■ **PROBLEM REQUIREMENTS**: Could you retype exactly the lines below between the one holding "绿色和平：食物浪费与厨余垃圾的温室气体是城市碳达峰的阻力" and the one holding "40×40サイズ 丸型ビーズ【tei-109】 ダイヤモンドアート", inclusive, leaving out any pictures?

■ **EXERCISE INPUTS**:
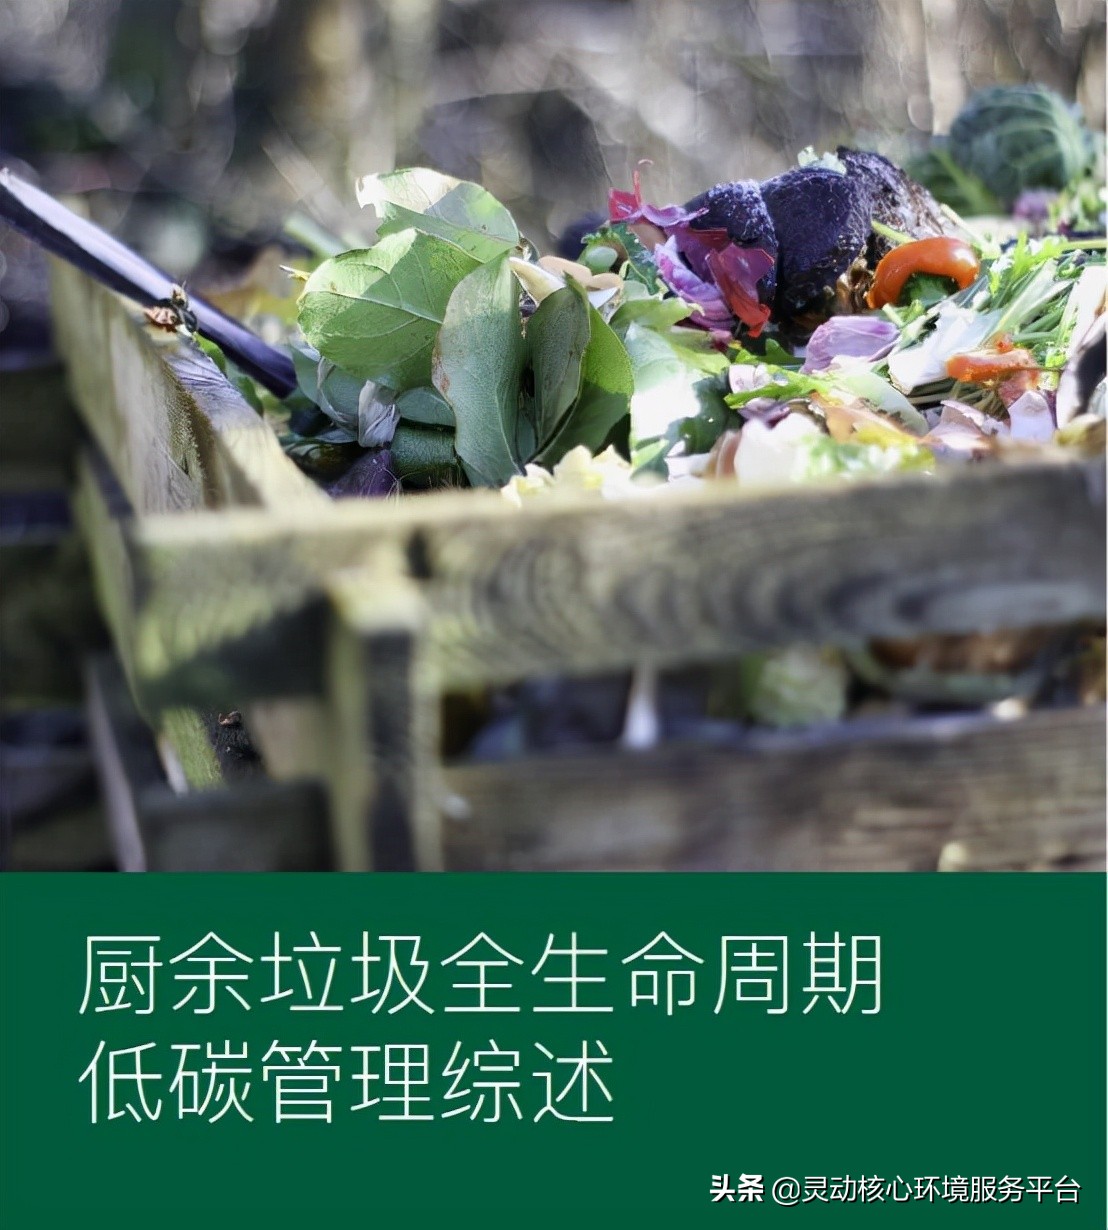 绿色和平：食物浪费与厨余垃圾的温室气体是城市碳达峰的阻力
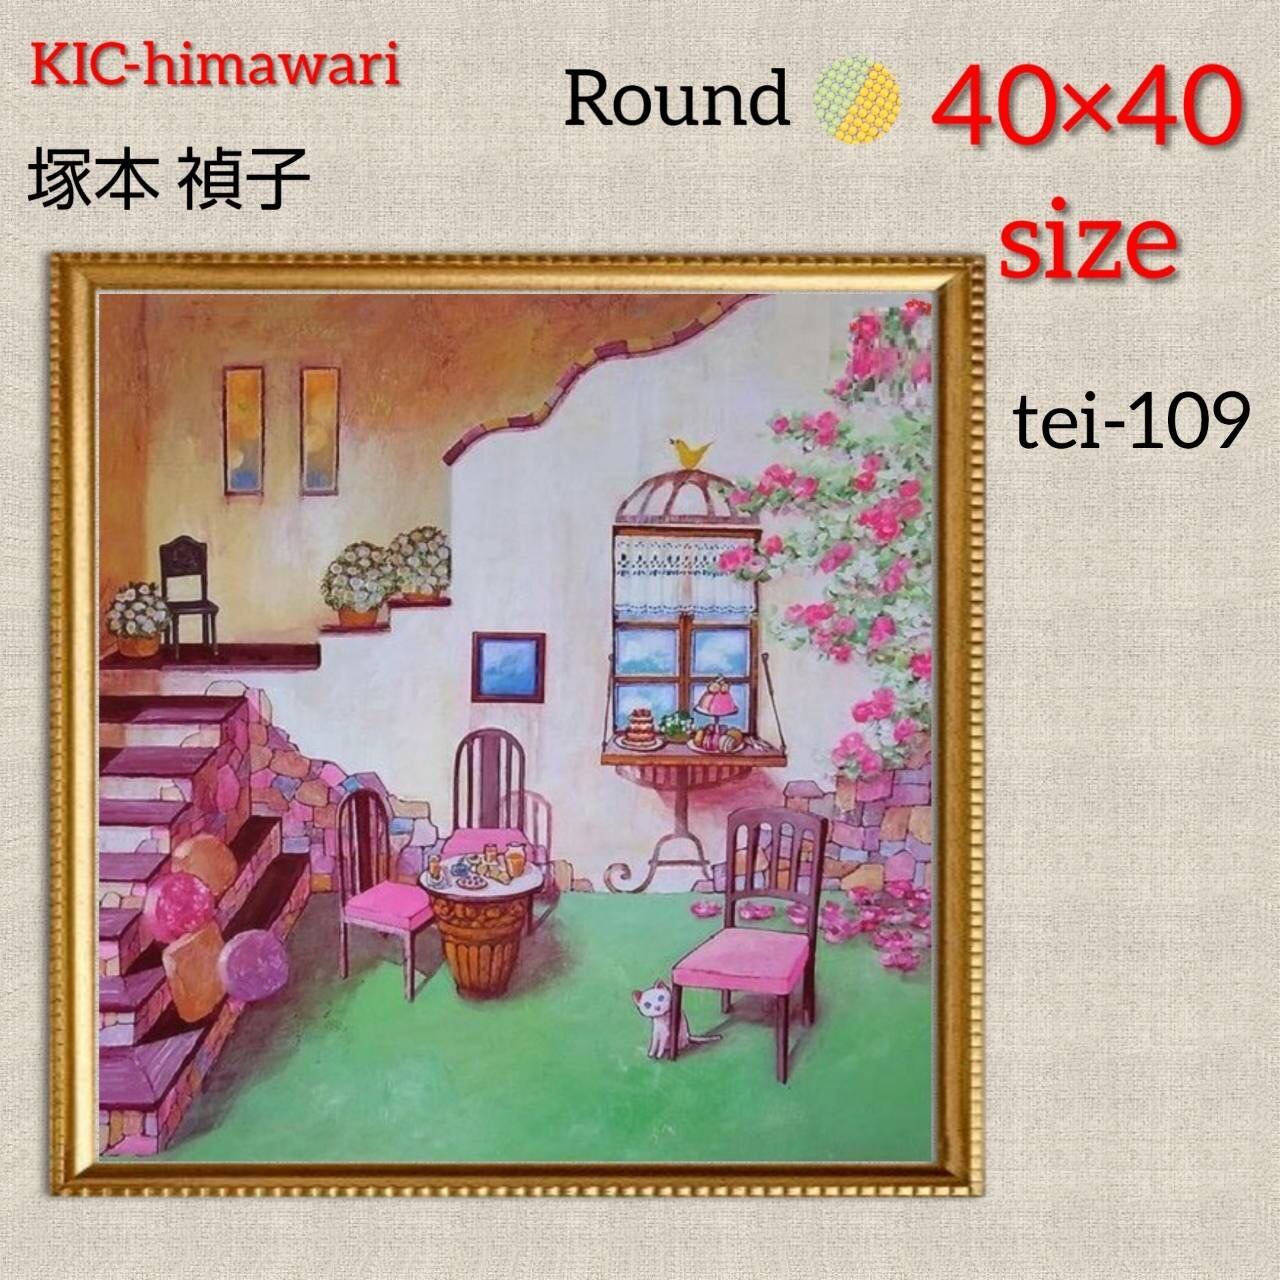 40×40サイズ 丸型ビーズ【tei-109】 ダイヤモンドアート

* * *

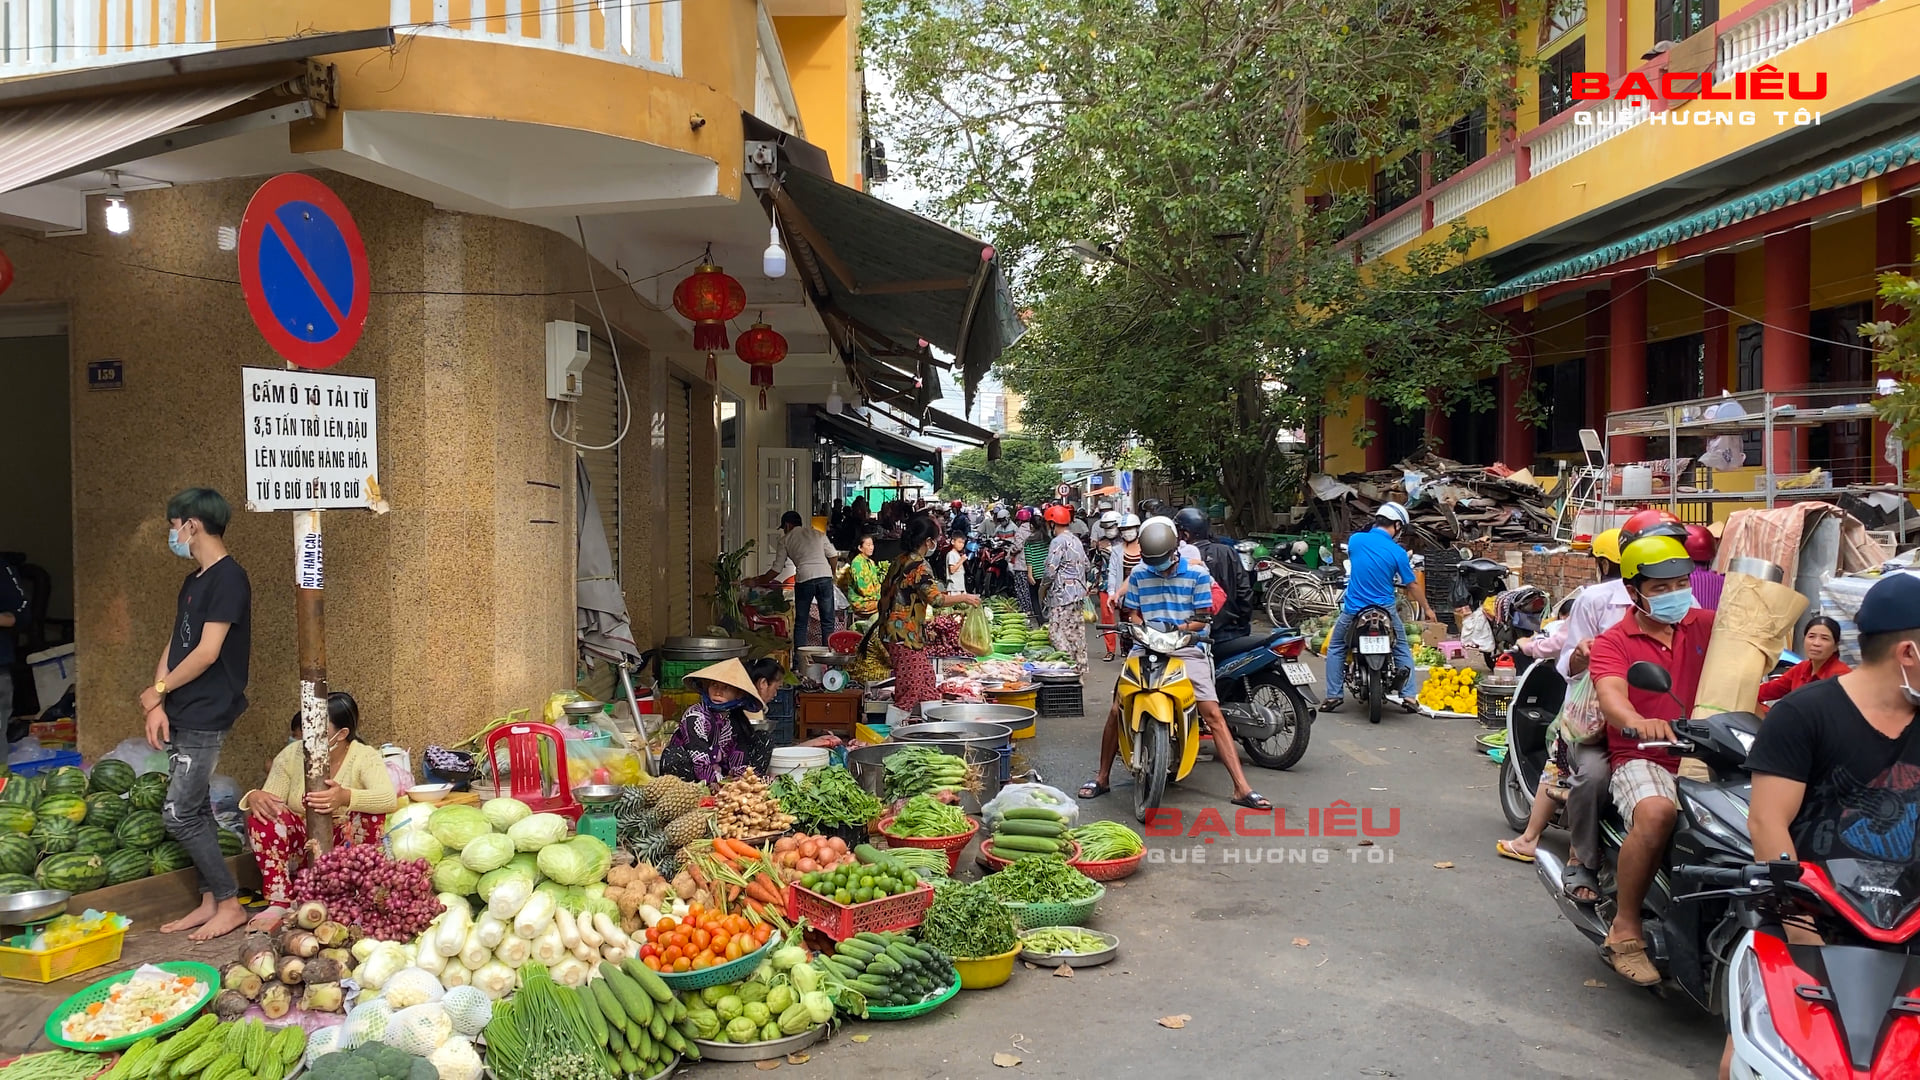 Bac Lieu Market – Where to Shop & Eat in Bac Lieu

■ **TASK SOLUTION**:
 绿色和平：食物浪费与厨余垃圾的温室气体是城市碳达峰的阻力
 40×40サイズ 丸型ビーズ【tei-109】 ダイヤモンドアート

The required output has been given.